Misconceptions about Aging – Part one
Ageism – seldom talked about but often practiced. It can be a subtle comment like “you look good for your age”. Or it takes a more harmful form such as job loss or patronizing health care providers, which can lead to over or under treating conditions.
Without realizing it, many older adults are also guilty of ageism. It happens by thinking “at their age” there are many things they cannot or should not engage in. The following misconceptions may help put the process of aging in a more realistic, and positive light.
1: Genetic makeup means you will enjoy good health.
While certainly significant, lifestyle choices, environmental factors such as cleanliness of water, food, air, social interactions, to name a few, also play a vital role in healthy aging.
2: Absence of disease is the only indication of good health.

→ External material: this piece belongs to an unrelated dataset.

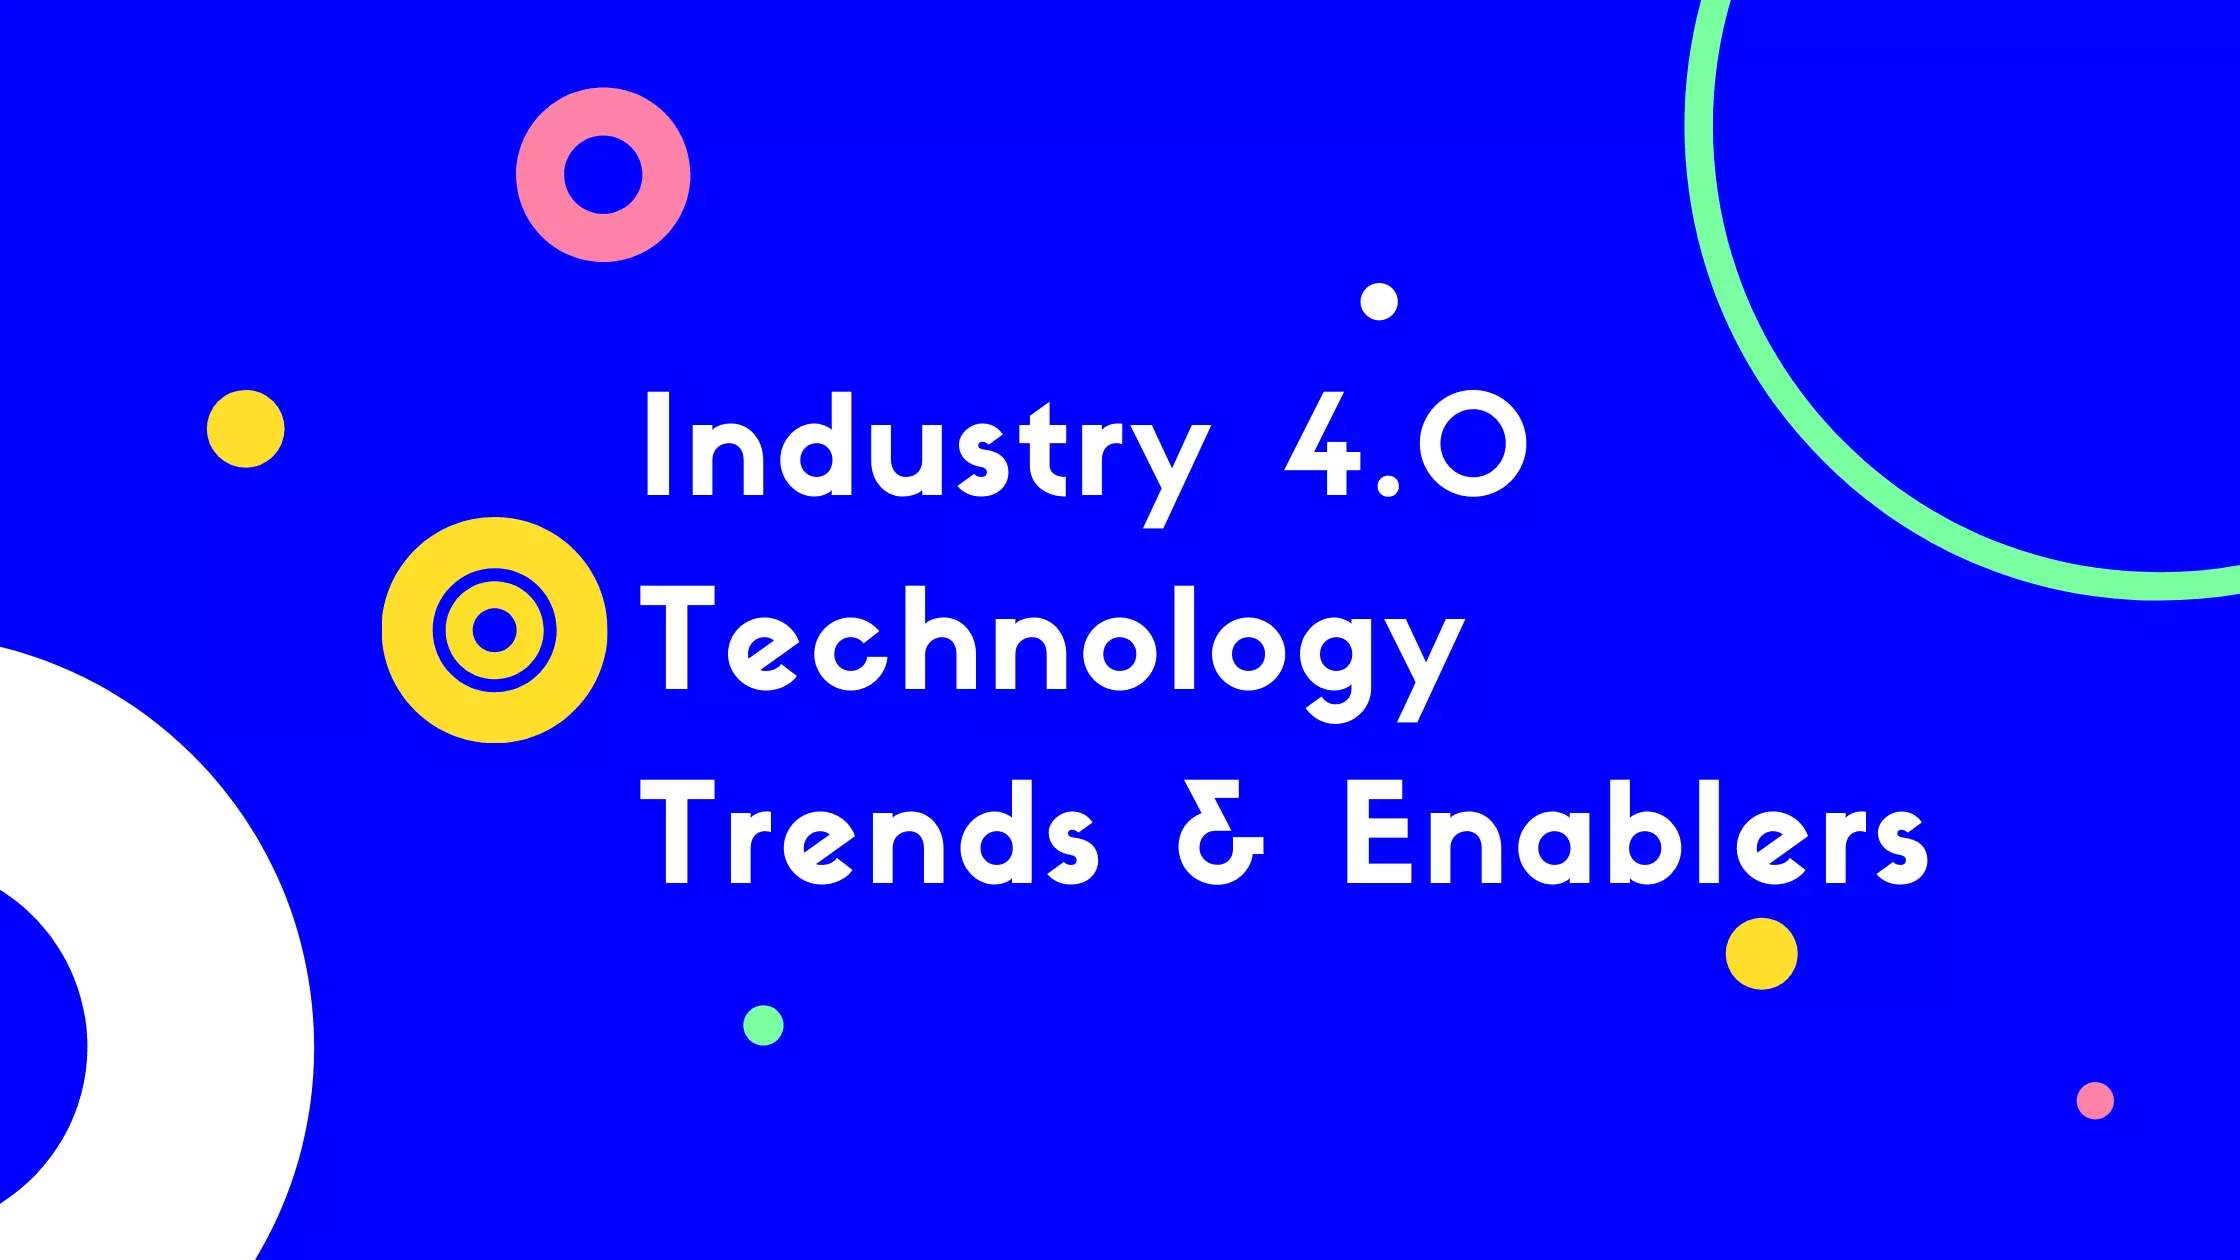 Industry 4.0 Technology Trends and Enablers

Older adults may experience more than one health condition at the same time but are still able to enjoy things that are important to them. A person’s physical and mental capacities are also an indicator of good health in addition to the absence or presence of disease.

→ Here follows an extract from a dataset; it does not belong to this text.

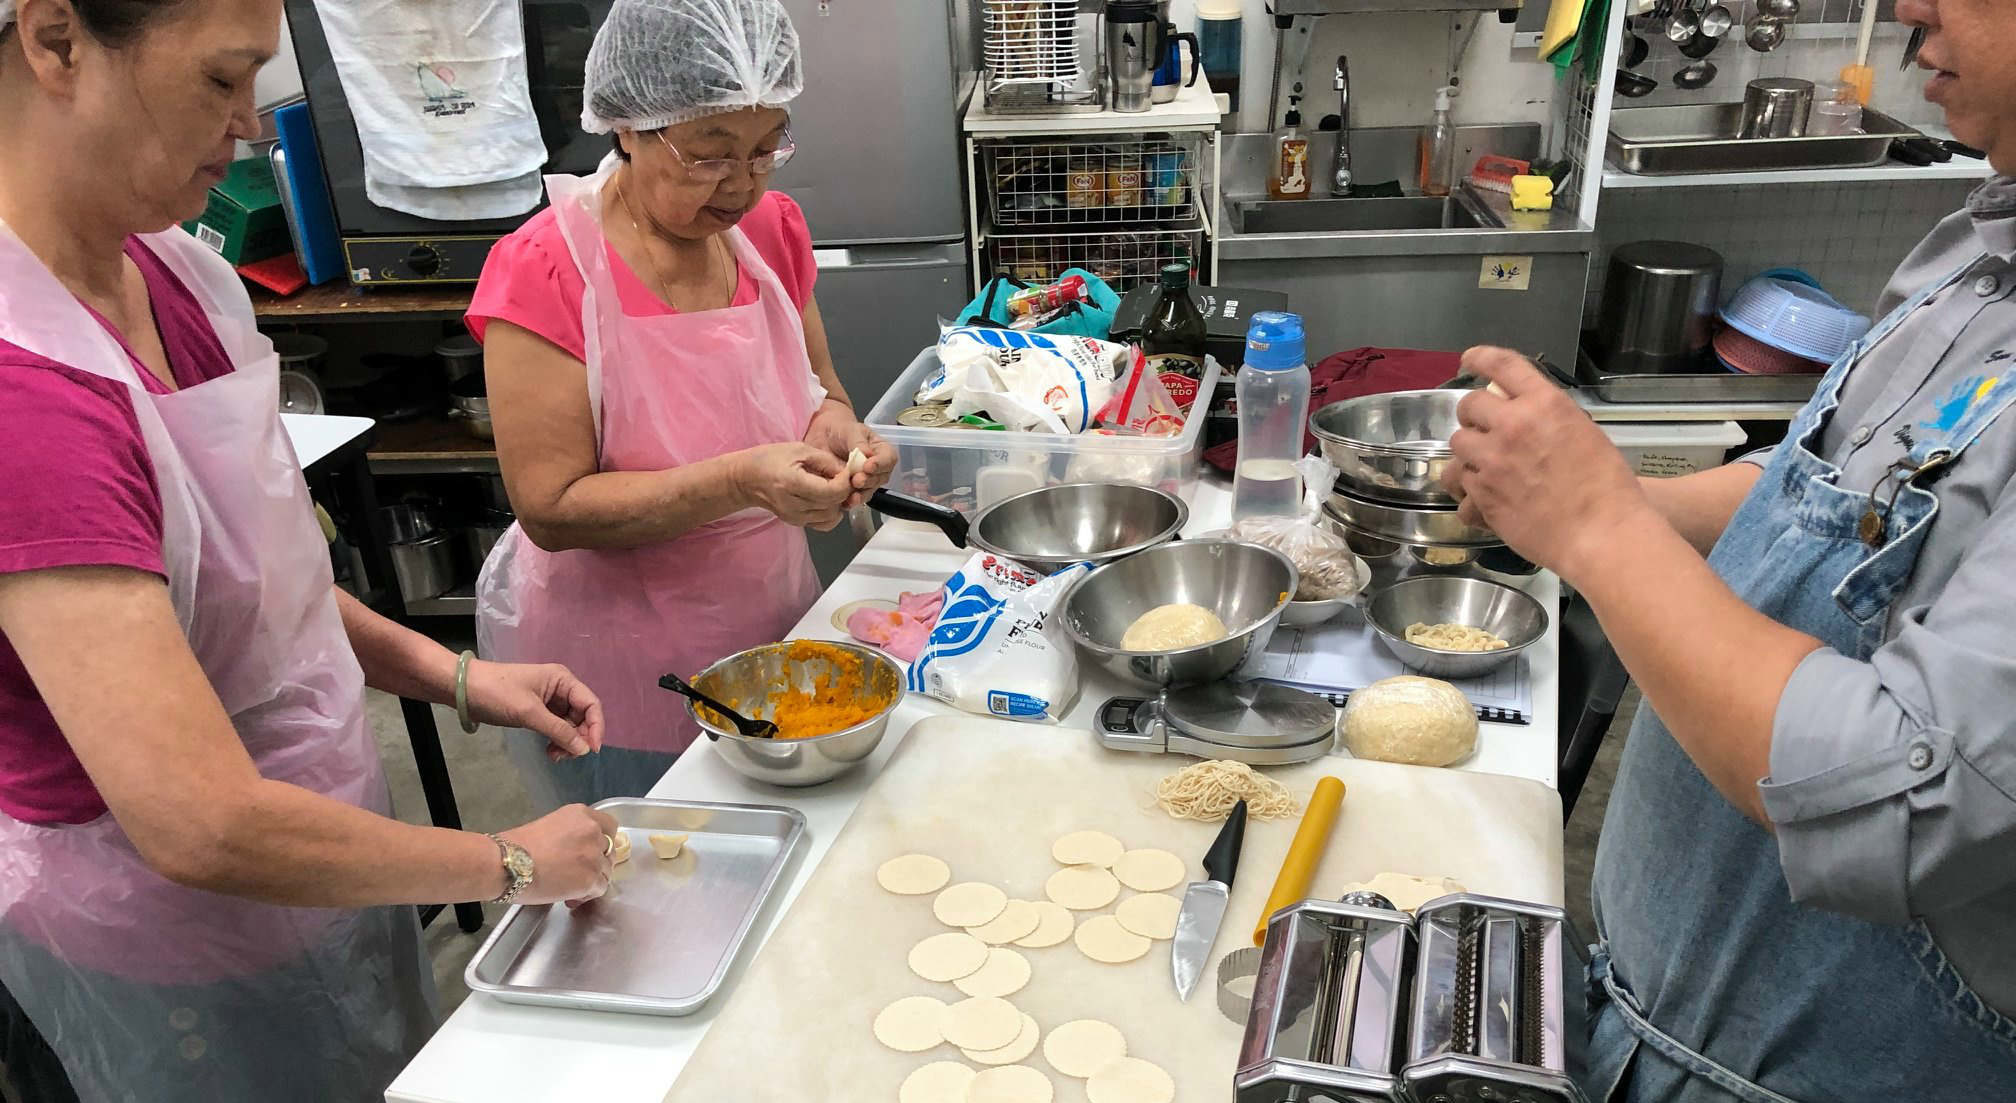 A culinary class being conducted by social enterprise Dignity Kitchen. Photo: Dignity Kitchen/Facebook

3: Depression is common among older adults.
Depression is not a normal part of aging, however, there is an increased risk since approximately 80% of older adults have at least one chronic health condition. Depression is more common in people who also have illnesses like cancer or heart disease. (www.cdc.gov/aging/depression).
4: Chronological age is the best indicator in determining when someone is “old”.
This is a poor indicator. Chronological age is used to determine eligibility for certain milestones and rights, such as voting, driving, drinking, and retirement. Functional age takes into consideration factors such as how an individual looks and their capabilities both physically and cognitively. Subjective age is another measurement –you’re as young as you feel!